# PROMPT
The whole listing needs retyping exactly; keep the pictures out of it.

# DATASET EXTRACT

^^^^^^^^^^^^^^^^

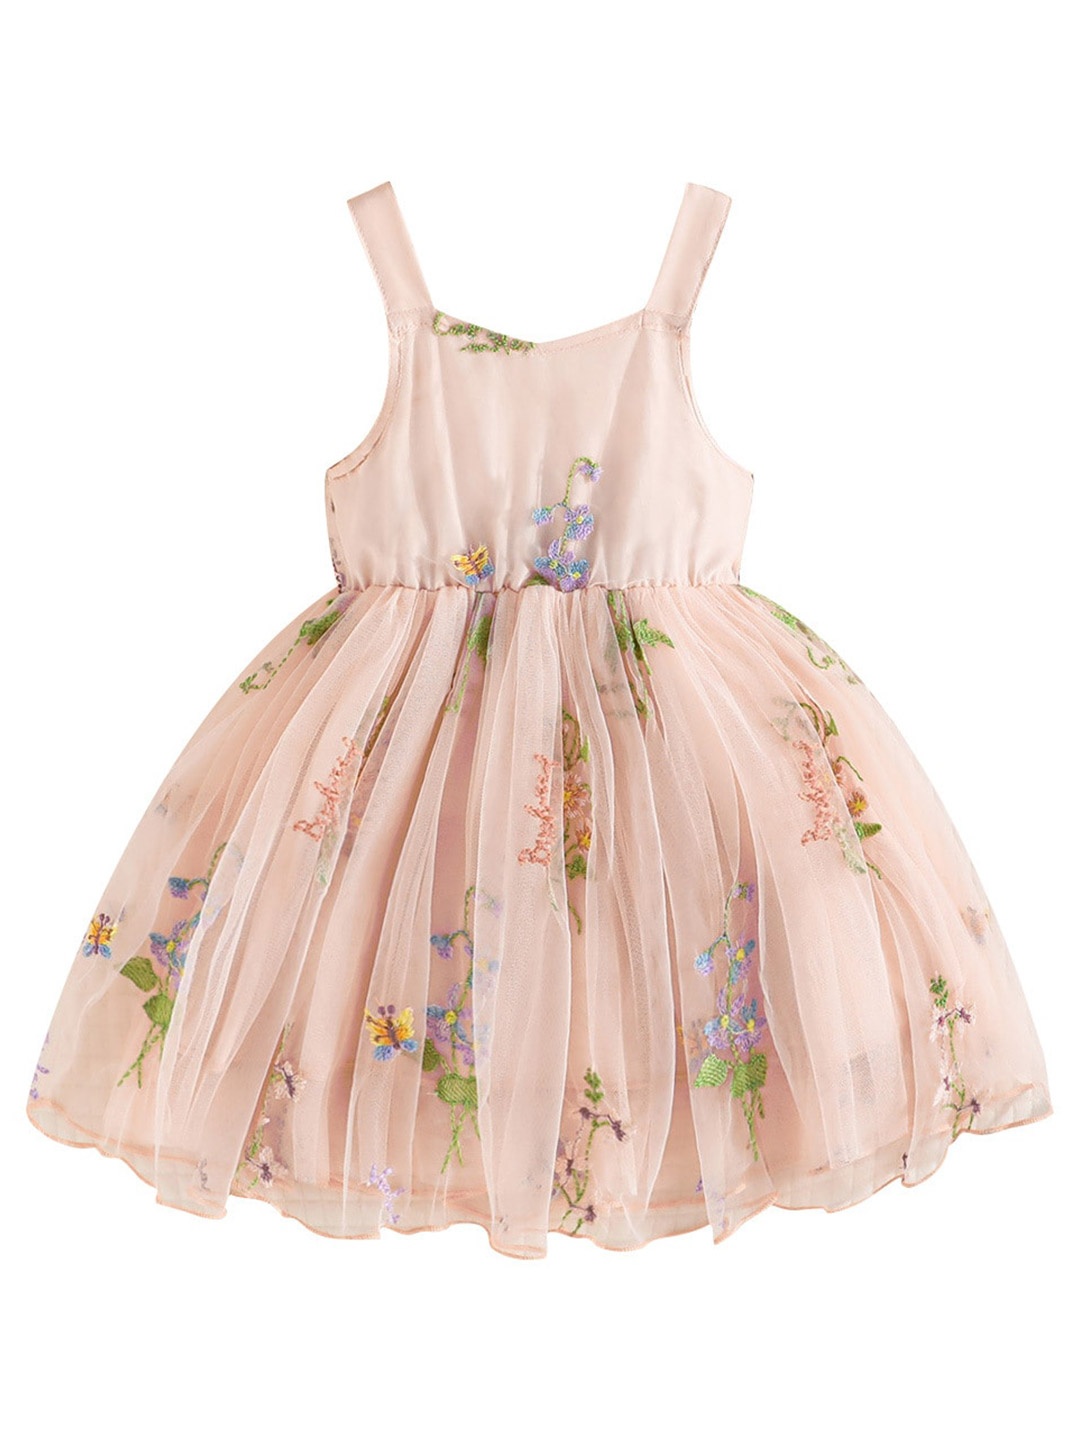 

StyleCast Infant Girls Pink Floral Printed Embellished Shoulder Straps Balloon Dress
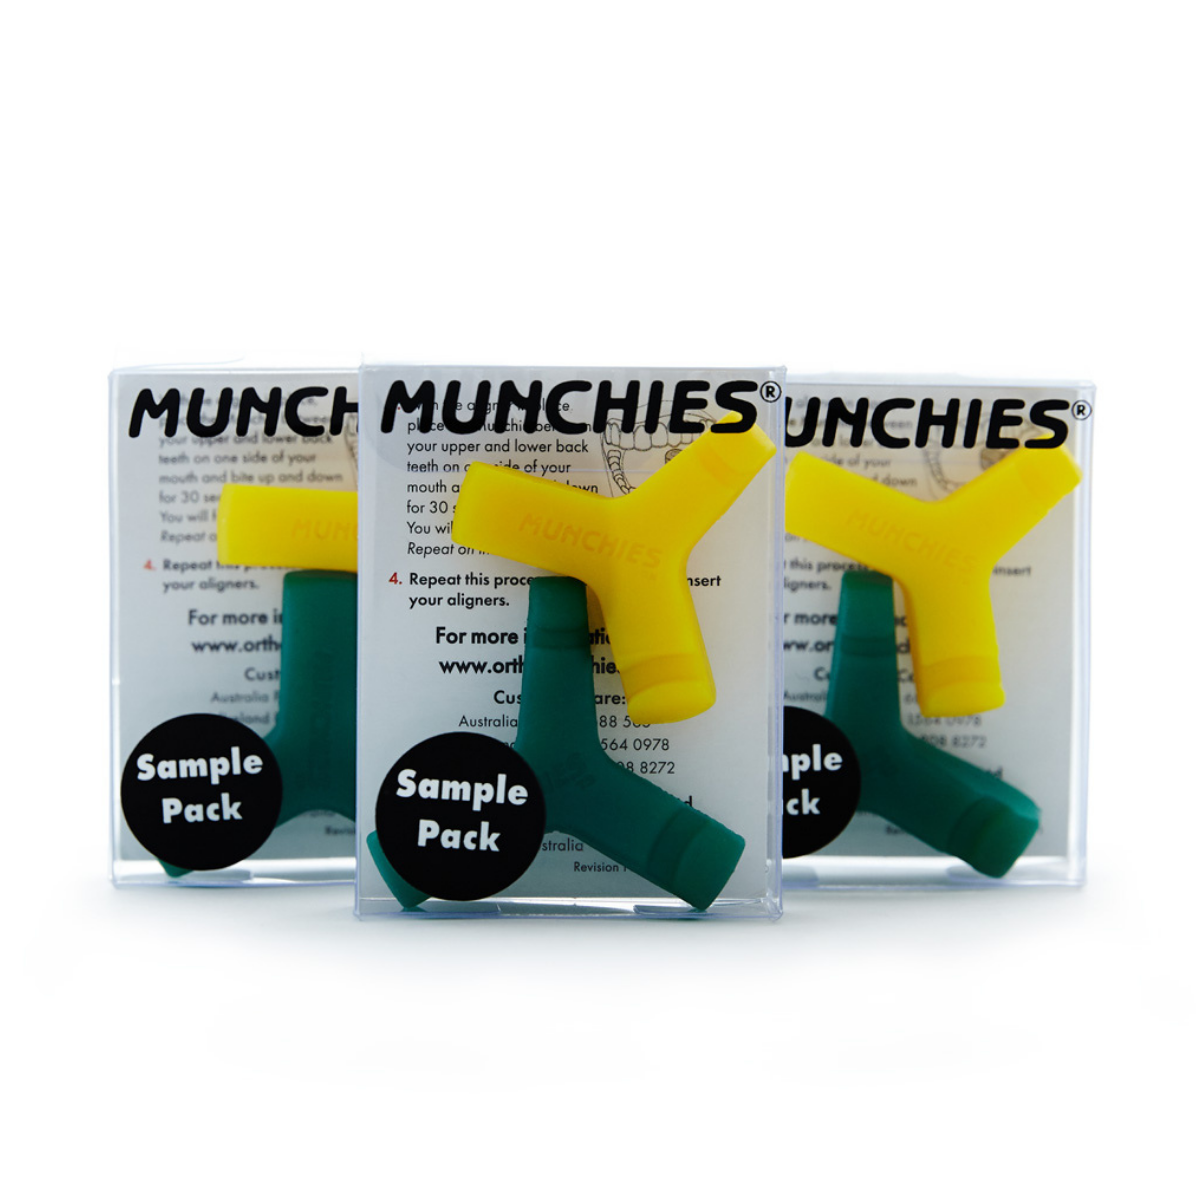 3 Munchies® 2 Piece Packs
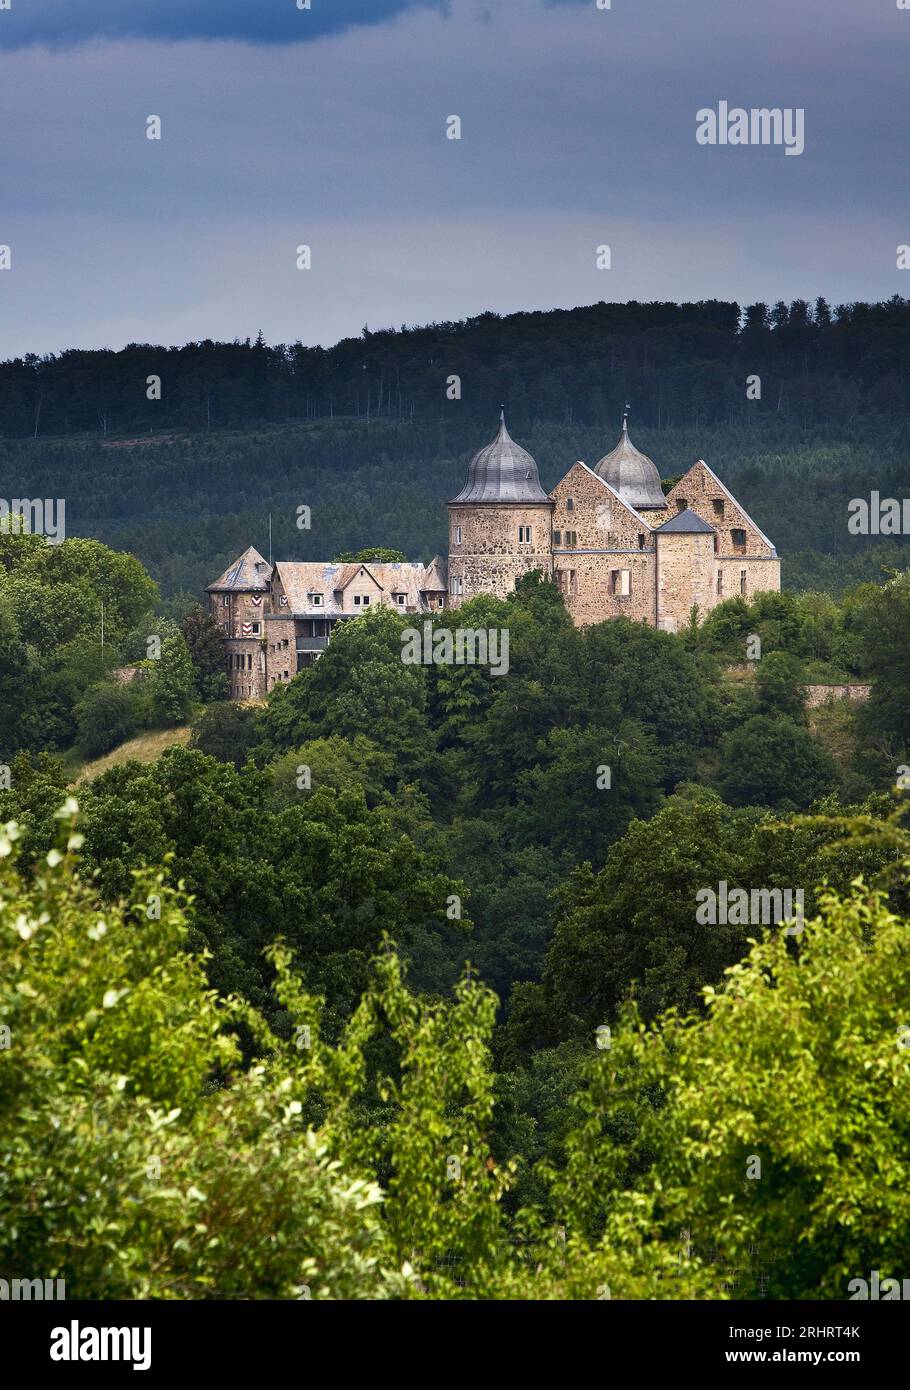 Sababurg, popolarmente conosciuto come Castello della bella addormentata in onore dei Fratelli Grimm, Germania, Assia, Hofgeismar Foto Stock

^^^^^^^^^^^^^^^^

# OUTPUT FOR THIS TASK
StyleCast Infant Girls Pink Floral Printed Embellished Shoulder Straps Balloon Dress
 3 Munchies® 2 Piece Packs
 Sababurg, popolarmente conosciuto come Castello della bella addormentata in onore dei Fratelli Grimm, Germania, Assia, Hofgeismar Foto Stock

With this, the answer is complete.